Phage as a Potential Anti-Fungal Agent

Filamentous Phage and Inhibition of Fungal Metabolism

There are some suggestions that bacteriophage may adversely impact fungal growth. These studies involve a bacteriophage produced by P. aeruginosa (Pa), a Gram negative bacteria, and the fungal pathogens A. fumigatus (Af) and Candida albicans (Ca).

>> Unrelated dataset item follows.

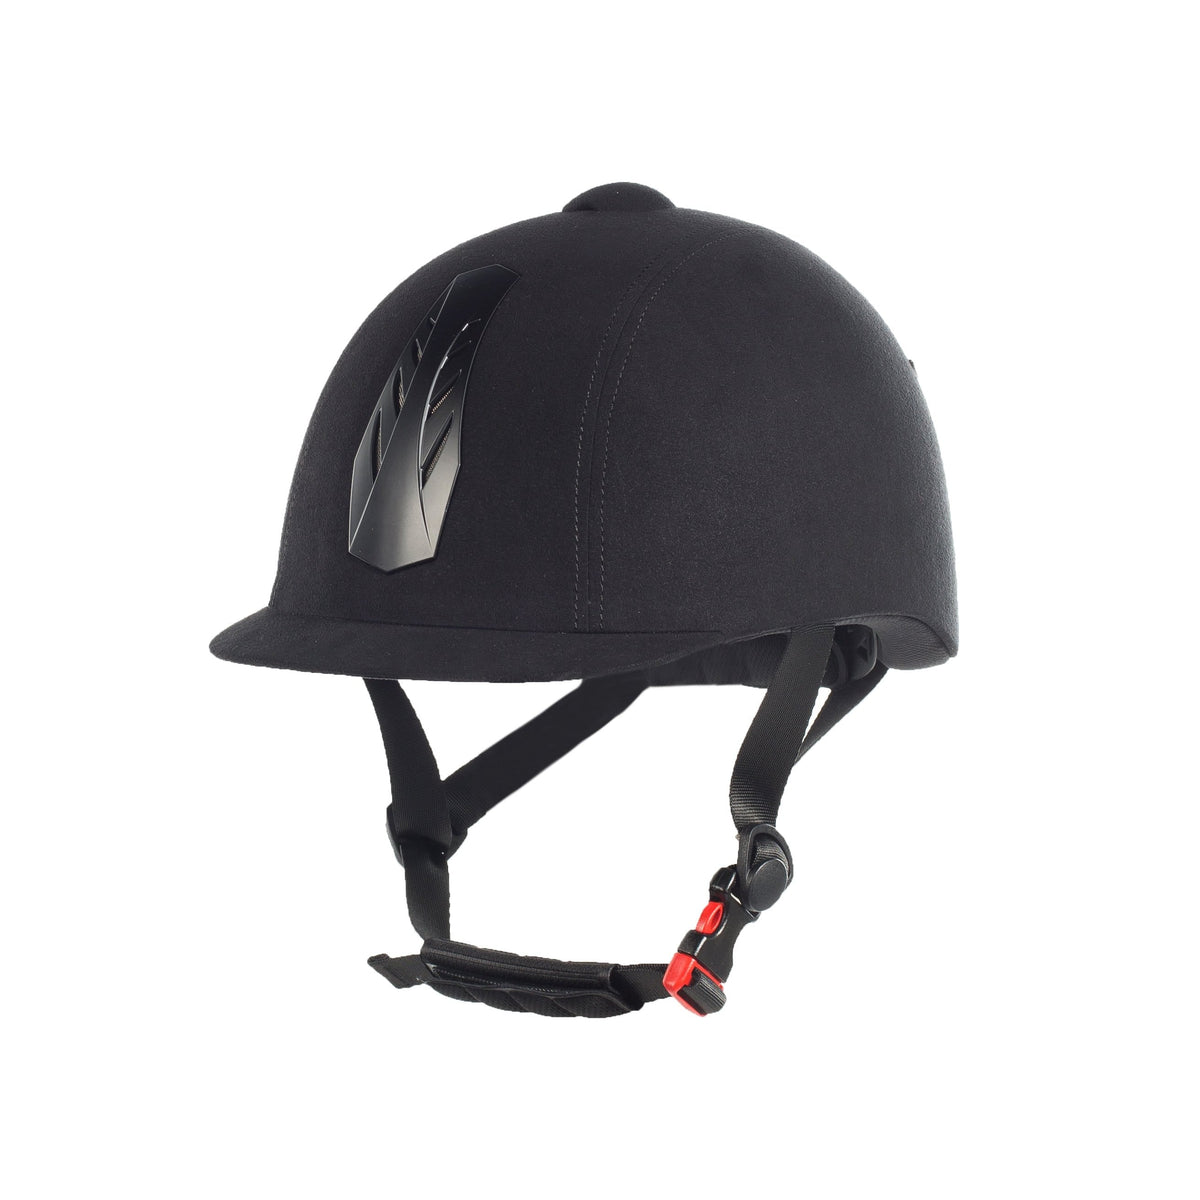 HORZE HELMETS & SAFETY 52-54 / BLACK Horze Triton Helmet

Pa is known to have complex and clinically relevant interactions with Af, most notably in lung infections in patients with Cystic Fibrosis (CF). Pa (Govan and Deretic, 1996; Bjarnsholt et al., 2009; Høiby et al., 2010) and Af (Amin et al., 2010; Baxter et al., 2013; Kaur and Singh, 2014) are among the most common bacterium and fungus infecting airways in CF, respectively. Both organisms are associated with more rapid declines in CF pulmonary function (Schønheyder et al., 1985; Nicolai et al., 1990; Shoseyov et al., 2006; Fillaux et al., 2012; Speirs et al., 2012; Ramsey et al., 2014) and can cause invasive disease (Yeldandi et al., 1995; Cahill et al., 1997; Nunley et al., 1998) as well as other complications (Stevens et al., 2003; Botha et al., 2008; Garantziotis and Palmer, 2009). Co-colonization of the lungs of CF patients with Pa and Af can result in more severe pulmonary disease. However, Pa can be inhibitory to Af through the production of multiple antimicrobials such as pyocyanin (5-N-methyl-1-hydroxyphenazine) (Mangan, 1969; Blyth, 1971; Kerr et al., 1999; Briard et al., 2015), 1-hydroxyphenazine (Mangan, 1969; Kerr et al., 1999; Briard et al., 2015), and phenazine-1-carboxamide and phenazine-1-carboxylic acid (Briard et al., 2015). This inhibition is most closely associated with small colony variants of Pa although there is considerable heterogeneity between isolates (Anand et al., 2018).

Recently, it was reported that these interactions between Pa and Af are mediated in part by Pf, a filamentous bacteriophage in the genus Inovirus. Pf is prevalent amongst clinical Pa isolates, (Rakonjac et al., 2011) including epidemic strains (Knezevic et al., 2015). Pf exists as a prophage within Pa and is produced in large quantities within Pa biofilms (Rice et al., 2008; Secor et al., 2015).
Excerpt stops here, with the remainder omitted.